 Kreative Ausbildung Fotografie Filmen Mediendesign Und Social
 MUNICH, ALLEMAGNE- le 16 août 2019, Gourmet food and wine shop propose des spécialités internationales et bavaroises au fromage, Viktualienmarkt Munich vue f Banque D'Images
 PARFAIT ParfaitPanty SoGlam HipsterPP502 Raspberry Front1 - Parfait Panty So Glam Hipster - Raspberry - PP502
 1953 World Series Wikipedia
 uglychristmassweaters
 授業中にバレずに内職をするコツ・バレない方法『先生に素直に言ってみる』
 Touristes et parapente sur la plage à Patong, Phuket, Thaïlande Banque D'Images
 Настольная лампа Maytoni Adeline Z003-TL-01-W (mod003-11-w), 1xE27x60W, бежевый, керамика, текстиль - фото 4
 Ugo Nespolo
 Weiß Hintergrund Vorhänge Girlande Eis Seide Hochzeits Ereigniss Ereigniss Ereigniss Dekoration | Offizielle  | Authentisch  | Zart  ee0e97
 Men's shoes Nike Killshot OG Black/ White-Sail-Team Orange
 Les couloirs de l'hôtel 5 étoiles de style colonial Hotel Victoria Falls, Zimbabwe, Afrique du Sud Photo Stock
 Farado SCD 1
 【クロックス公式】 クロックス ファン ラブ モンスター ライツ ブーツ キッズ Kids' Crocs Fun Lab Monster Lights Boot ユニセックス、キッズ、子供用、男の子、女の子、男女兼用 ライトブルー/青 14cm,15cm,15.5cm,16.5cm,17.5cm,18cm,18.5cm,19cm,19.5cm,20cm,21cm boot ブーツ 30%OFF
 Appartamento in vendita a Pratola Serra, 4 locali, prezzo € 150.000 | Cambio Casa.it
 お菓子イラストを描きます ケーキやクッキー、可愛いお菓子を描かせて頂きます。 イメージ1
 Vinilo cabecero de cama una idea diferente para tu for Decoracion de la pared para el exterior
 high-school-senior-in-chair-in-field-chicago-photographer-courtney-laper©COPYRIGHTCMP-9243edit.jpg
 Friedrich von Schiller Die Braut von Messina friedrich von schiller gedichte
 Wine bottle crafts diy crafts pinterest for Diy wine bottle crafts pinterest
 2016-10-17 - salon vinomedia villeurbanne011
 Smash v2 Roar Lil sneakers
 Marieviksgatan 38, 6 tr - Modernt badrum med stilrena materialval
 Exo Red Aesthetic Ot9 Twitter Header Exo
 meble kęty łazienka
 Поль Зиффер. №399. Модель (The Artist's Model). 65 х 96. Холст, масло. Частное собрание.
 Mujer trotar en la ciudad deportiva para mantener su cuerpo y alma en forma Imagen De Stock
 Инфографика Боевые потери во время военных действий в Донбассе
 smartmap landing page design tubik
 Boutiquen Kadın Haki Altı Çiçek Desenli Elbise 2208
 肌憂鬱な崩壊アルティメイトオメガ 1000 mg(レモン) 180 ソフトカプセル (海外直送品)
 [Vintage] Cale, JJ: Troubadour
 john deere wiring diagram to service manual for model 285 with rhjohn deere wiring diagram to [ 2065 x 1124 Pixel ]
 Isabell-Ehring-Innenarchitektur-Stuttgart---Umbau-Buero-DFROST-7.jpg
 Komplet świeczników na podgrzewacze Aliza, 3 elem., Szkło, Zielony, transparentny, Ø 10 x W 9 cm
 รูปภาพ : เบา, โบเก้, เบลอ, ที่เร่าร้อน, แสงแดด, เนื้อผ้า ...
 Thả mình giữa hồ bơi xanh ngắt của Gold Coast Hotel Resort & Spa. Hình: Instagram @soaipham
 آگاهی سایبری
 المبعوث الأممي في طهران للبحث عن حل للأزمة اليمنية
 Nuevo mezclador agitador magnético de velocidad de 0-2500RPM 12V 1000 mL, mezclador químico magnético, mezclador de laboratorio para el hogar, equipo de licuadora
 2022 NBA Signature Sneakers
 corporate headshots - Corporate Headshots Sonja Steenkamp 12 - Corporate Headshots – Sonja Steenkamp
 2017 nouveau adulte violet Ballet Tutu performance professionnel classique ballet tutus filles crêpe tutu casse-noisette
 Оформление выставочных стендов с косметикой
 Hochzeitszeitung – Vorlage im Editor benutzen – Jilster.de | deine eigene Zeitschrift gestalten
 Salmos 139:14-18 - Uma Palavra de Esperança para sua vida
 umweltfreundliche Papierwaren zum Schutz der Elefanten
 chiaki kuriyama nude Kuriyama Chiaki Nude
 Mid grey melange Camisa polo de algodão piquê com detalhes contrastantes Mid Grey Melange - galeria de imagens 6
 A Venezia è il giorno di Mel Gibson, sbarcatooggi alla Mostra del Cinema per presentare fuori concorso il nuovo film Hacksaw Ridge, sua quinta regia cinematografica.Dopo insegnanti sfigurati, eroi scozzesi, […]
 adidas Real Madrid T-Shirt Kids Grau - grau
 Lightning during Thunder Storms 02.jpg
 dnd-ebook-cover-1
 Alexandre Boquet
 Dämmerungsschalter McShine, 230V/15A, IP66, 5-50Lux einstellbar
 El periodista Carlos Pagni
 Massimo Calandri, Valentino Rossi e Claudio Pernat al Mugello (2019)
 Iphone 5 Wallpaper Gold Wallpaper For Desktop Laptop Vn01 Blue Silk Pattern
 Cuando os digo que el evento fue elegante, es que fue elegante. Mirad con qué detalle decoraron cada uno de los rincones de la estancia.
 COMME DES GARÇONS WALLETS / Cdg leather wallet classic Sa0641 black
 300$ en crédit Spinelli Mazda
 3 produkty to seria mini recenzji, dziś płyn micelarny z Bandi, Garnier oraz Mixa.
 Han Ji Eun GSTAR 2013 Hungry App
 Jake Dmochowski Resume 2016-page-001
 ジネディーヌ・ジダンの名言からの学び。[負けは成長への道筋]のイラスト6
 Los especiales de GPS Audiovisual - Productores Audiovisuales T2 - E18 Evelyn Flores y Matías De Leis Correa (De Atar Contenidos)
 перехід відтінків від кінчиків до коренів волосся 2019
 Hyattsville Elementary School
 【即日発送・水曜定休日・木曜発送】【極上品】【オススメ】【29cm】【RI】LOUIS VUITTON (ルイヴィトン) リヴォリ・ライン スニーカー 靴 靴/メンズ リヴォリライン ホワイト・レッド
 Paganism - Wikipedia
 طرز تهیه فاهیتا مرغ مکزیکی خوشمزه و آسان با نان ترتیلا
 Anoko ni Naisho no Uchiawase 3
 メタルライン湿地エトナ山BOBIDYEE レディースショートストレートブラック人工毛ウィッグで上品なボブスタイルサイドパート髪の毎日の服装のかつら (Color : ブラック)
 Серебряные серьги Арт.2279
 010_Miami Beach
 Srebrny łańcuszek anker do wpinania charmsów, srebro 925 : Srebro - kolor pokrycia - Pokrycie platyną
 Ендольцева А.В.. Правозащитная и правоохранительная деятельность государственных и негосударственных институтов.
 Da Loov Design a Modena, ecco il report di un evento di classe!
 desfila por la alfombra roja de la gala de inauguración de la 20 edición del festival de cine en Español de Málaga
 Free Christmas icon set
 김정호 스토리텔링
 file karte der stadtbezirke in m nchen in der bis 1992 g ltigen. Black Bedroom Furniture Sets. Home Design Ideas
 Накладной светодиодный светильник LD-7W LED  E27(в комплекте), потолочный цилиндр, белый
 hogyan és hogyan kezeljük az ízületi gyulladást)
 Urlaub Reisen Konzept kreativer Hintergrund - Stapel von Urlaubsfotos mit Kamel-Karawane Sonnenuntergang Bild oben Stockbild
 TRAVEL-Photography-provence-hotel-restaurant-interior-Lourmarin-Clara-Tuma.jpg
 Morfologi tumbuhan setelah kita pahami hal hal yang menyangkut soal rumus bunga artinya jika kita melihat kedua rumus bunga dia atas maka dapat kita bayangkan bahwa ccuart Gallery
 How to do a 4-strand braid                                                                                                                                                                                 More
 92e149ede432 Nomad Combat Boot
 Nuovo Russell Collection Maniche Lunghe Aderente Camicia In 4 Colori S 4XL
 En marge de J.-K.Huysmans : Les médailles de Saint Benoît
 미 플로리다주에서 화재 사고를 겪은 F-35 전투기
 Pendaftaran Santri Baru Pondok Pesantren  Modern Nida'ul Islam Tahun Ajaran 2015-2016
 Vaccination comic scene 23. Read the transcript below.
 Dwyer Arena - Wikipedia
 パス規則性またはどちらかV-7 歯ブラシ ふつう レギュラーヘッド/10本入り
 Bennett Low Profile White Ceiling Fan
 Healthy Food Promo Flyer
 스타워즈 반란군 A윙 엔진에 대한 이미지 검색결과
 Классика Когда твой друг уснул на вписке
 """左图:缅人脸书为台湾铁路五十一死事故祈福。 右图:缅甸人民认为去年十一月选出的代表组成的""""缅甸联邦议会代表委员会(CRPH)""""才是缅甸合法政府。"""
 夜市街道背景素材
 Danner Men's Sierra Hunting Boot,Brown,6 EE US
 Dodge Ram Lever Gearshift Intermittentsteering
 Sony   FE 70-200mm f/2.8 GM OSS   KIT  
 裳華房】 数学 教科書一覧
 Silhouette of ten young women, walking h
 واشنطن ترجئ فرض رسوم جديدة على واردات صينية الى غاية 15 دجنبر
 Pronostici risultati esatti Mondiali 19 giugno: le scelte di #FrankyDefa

____________

Exercise aim: From the records above, copy only the lines starting with the line that holds "Ендольцева А.В.. Правозащитная" and going on through the line that holds "hogyan és hogyan", exactly as written.

Reply to the exercise:
 Ендольцева А.В.. Правозащитная и правоохранительная деятельность государственных и негосударственных институтов.
 Da Loov Design a Modena, ecco il report di un evento di classe!
 desfila por la alfombra roja de la gala de inauguración de la 20 edición del festival de cine en Español de Málaga
 Free Christmas icon set
 김정호 스토리텔링
 file karte der stadtbezirke in m nchen in der bis 1992 g ltigen. Black Bedroom Furniture Sets. Home Design Ideas
 Накладной светодиодный светильник LD-7W LED  E27(в комплекте), потолочный цилиндр, белый
 hogyan és hogyan kezeljük az ízületi gyulladást)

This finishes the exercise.